Could you copy exactly the lines below, beginning at the line with "object isolated illustration" and stopping after the line with "With President Trump, we've", with no pictures?

Data to examine.
=== Begin Enclosure ===

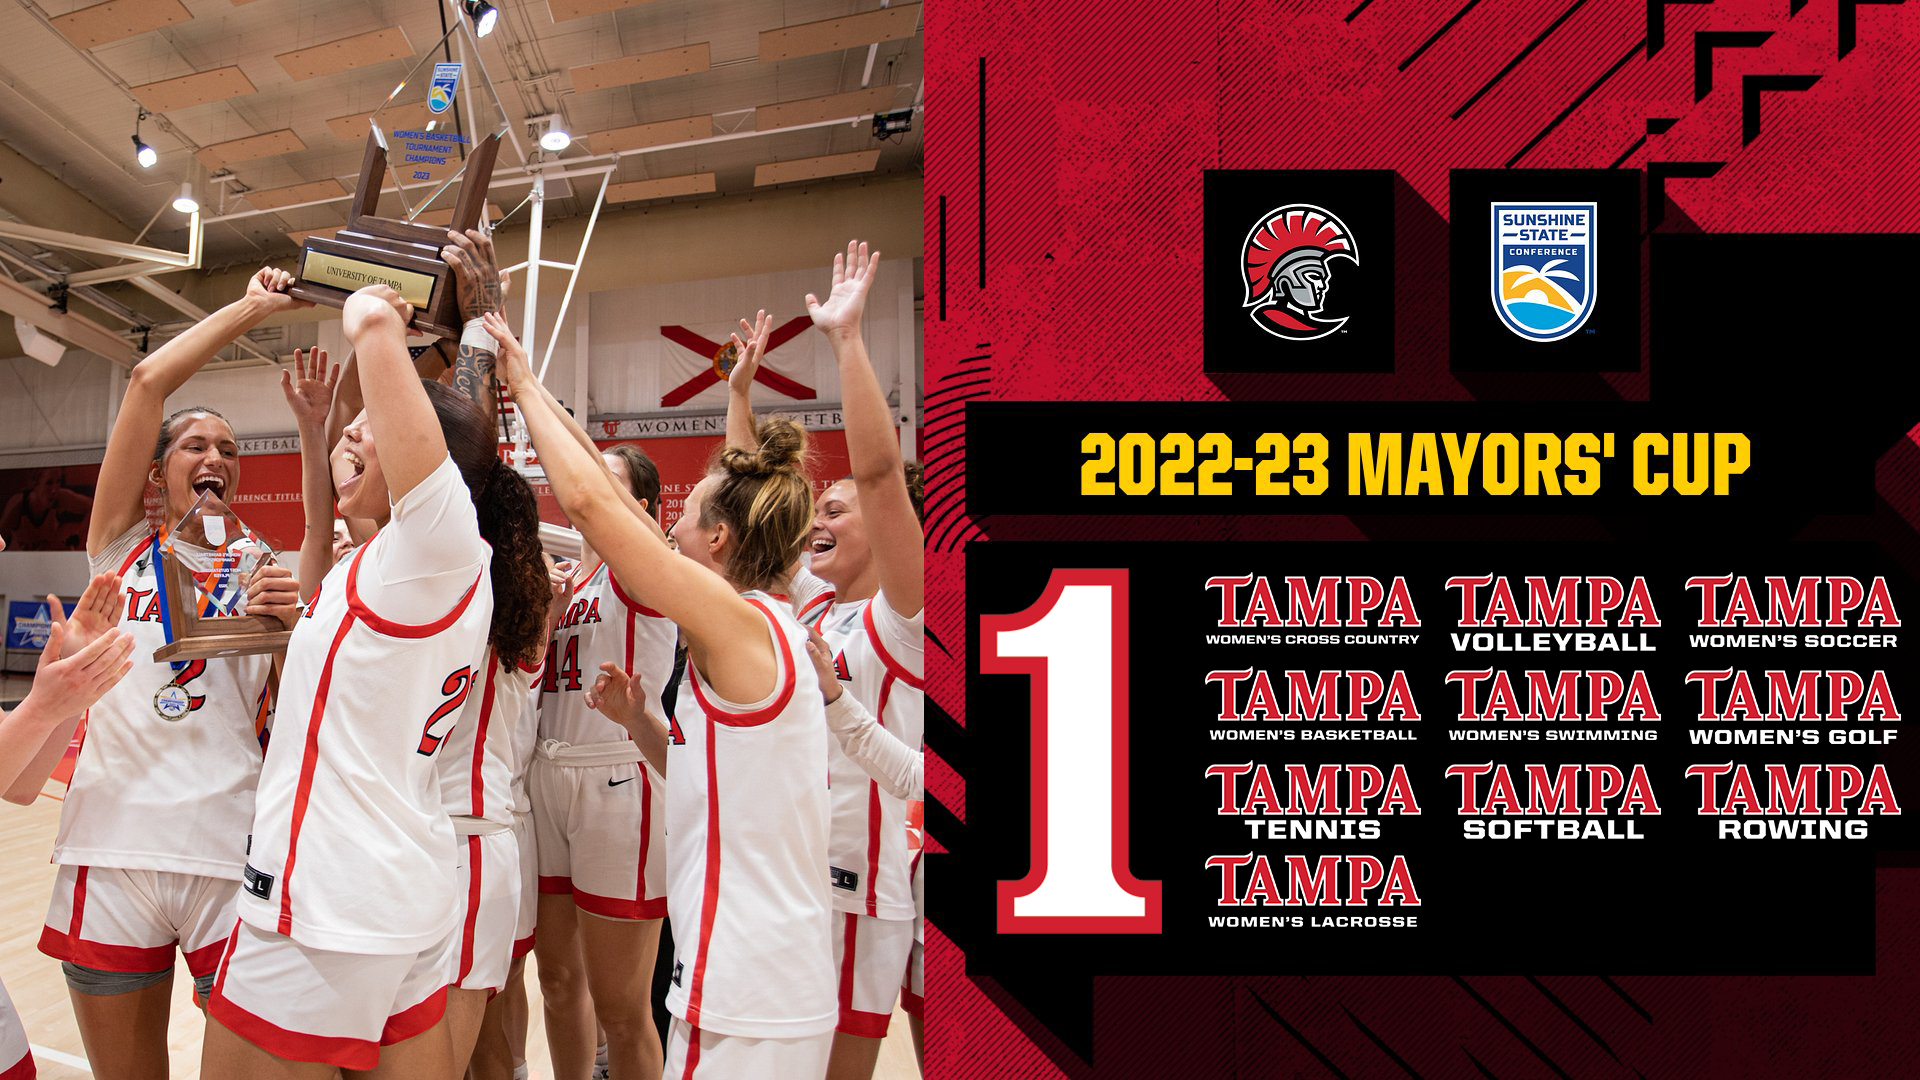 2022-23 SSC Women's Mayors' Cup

=== End Enclosure ===
=== Begin Enclosure ===

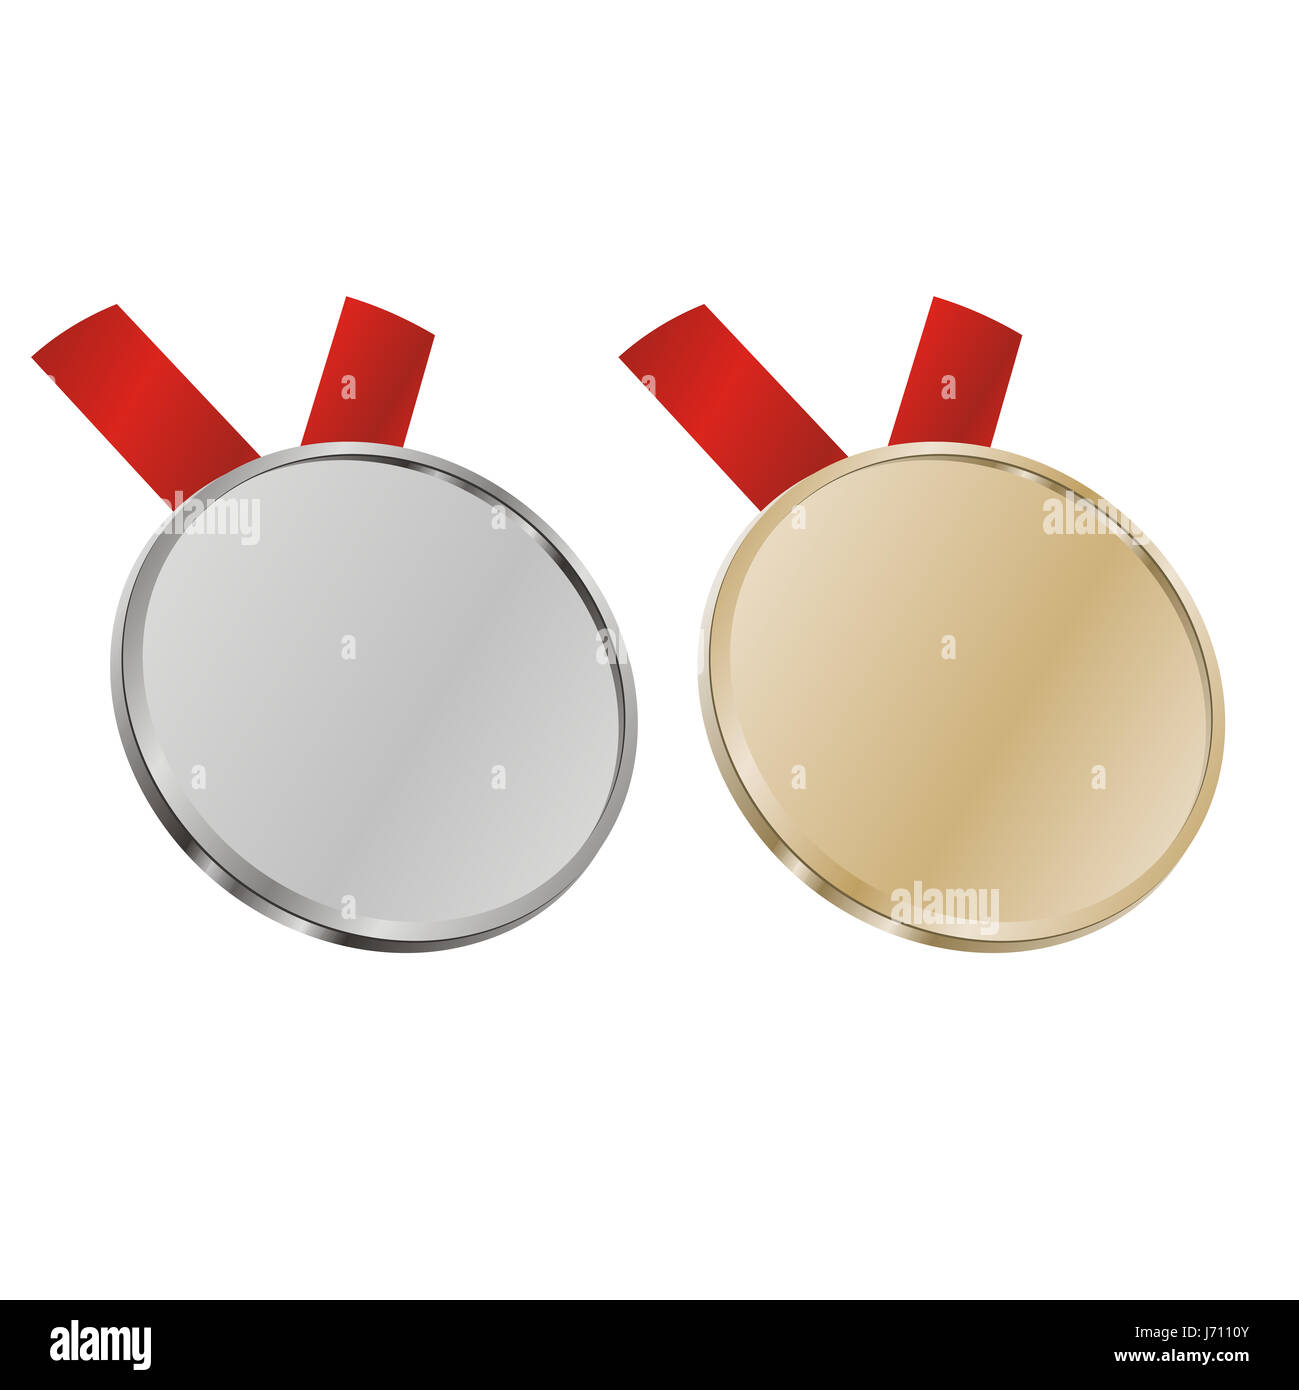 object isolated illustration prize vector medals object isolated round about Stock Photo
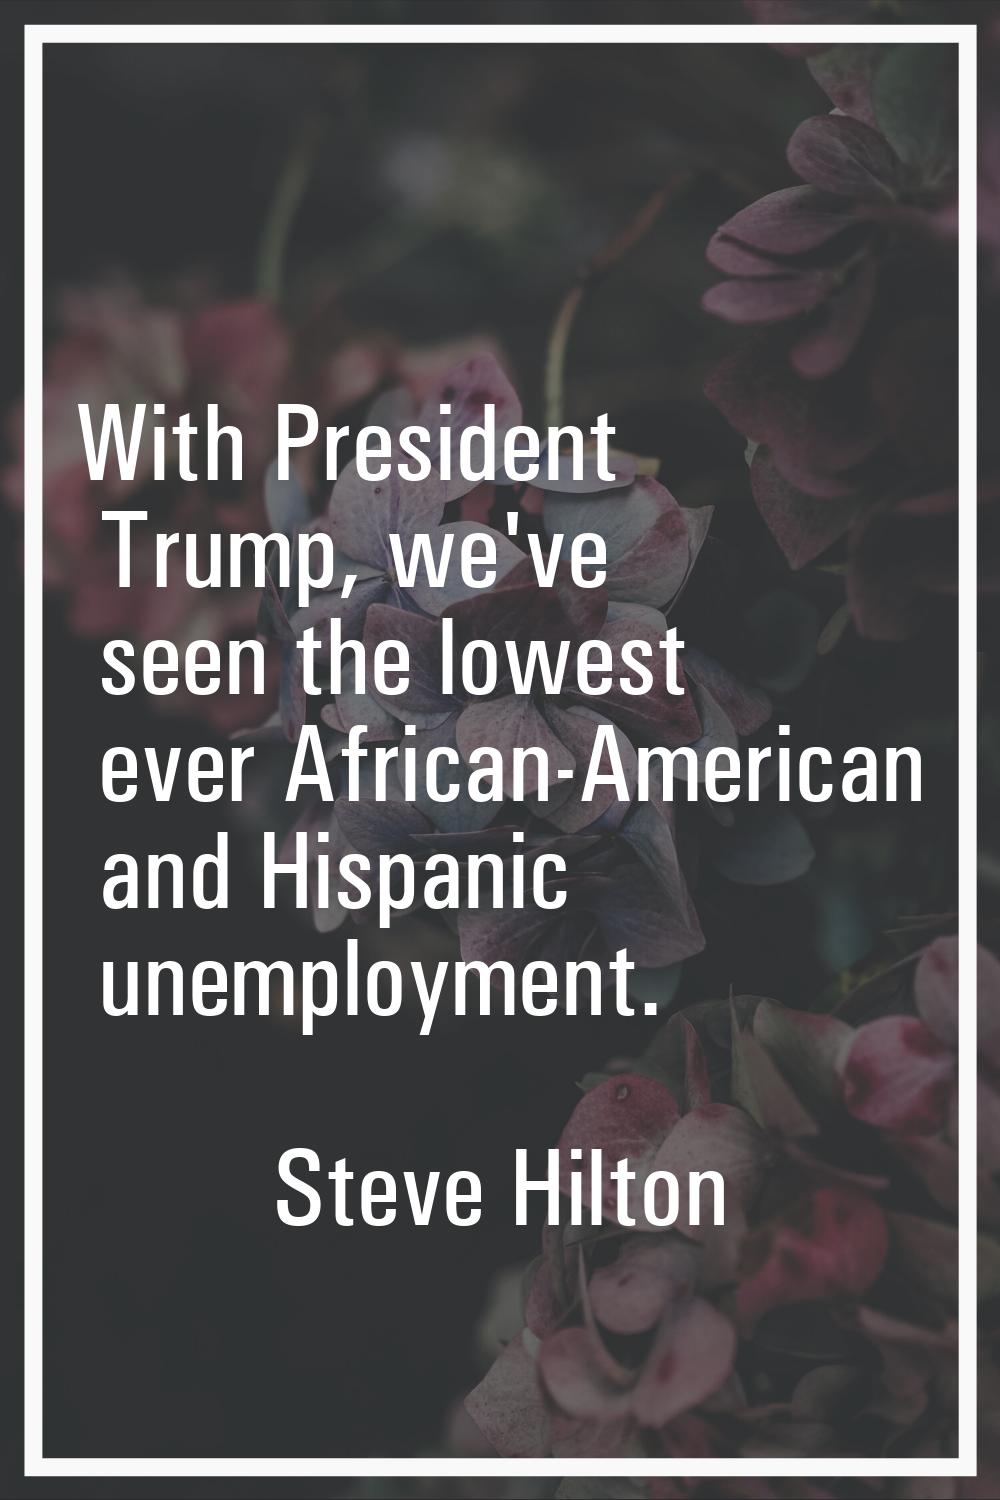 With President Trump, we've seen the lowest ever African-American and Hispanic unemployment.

=== End Enclosure ===
=== Begin Enclosure ===

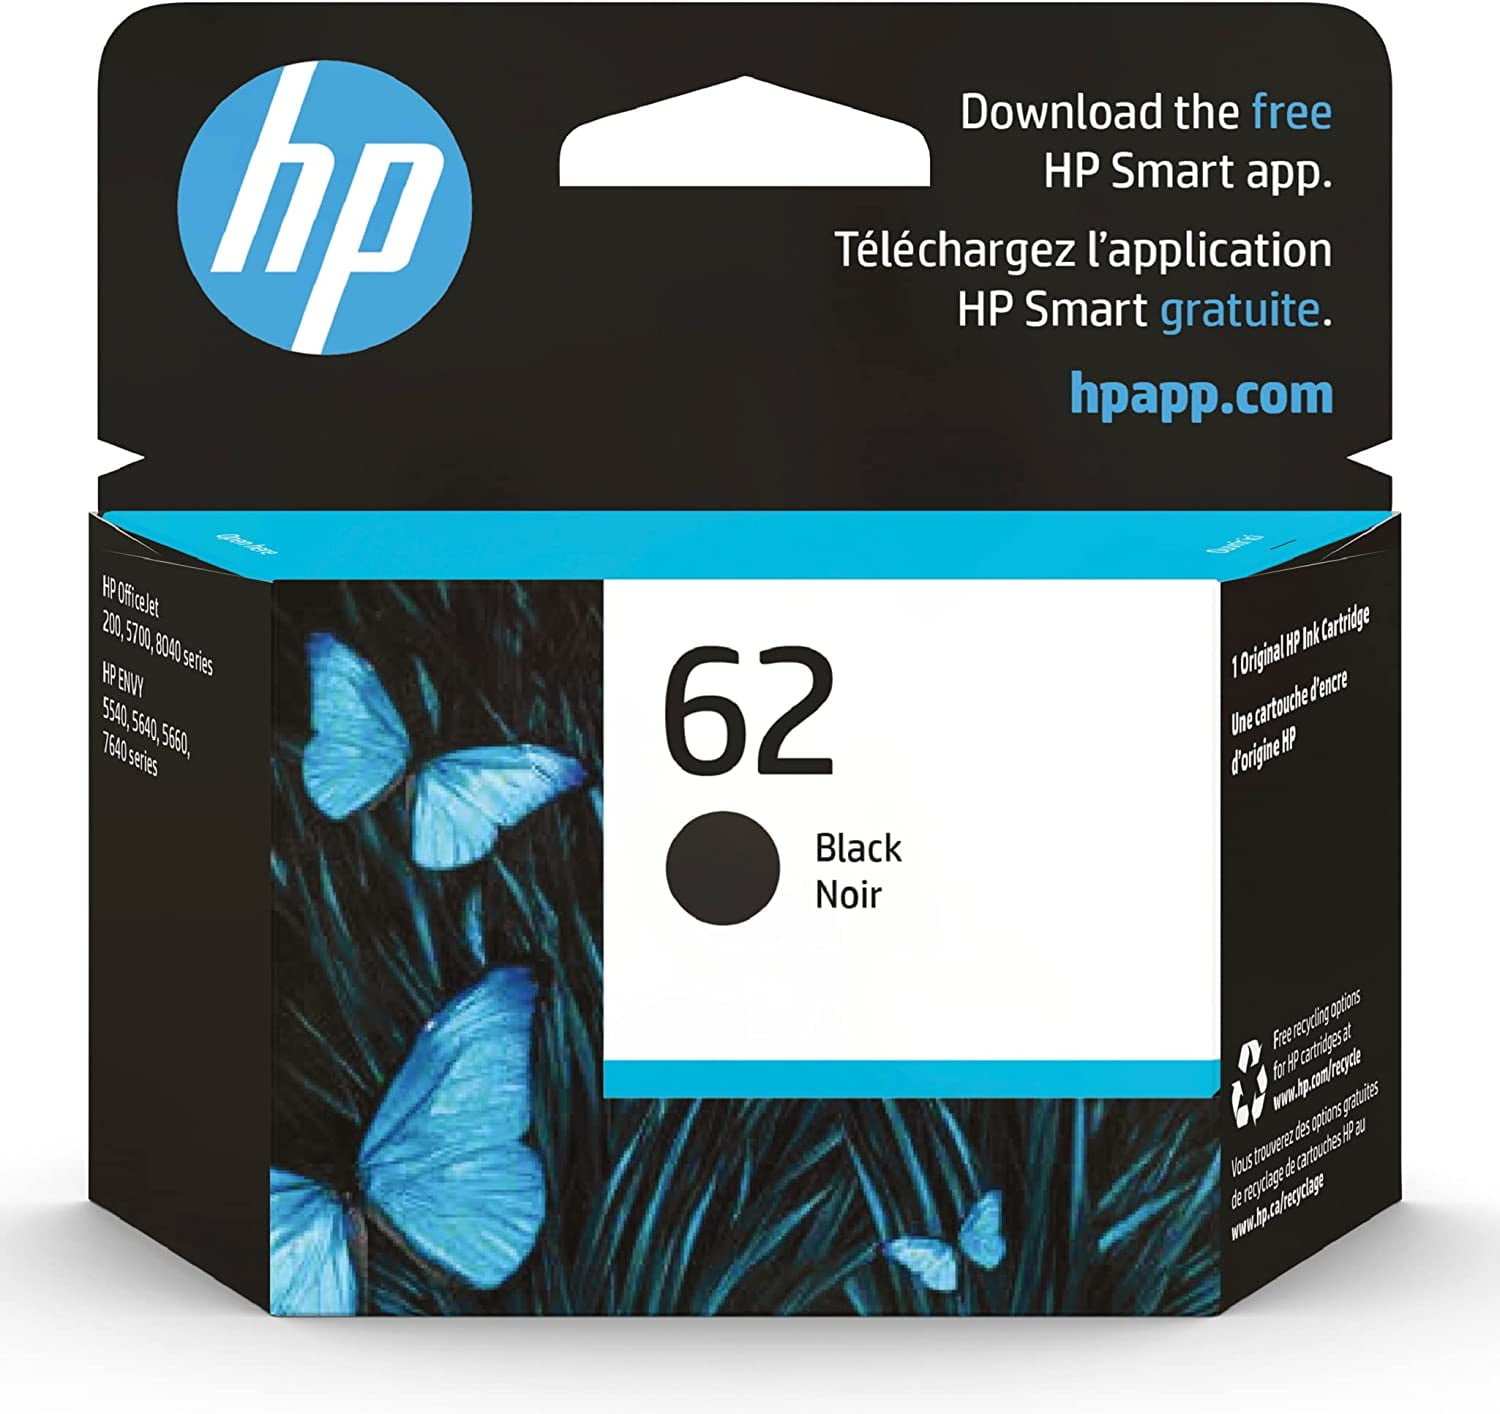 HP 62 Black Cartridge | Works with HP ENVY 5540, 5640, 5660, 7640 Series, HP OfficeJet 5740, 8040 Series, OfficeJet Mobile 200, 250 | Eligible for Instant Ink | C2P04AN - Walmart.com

=== End Enclosure ===

Answer box.
 object isolated illustration prize vector medals object isolated round about Stock Photo
 With President Trump, we've seen the lowest ever African-American and Hispanic unemployment.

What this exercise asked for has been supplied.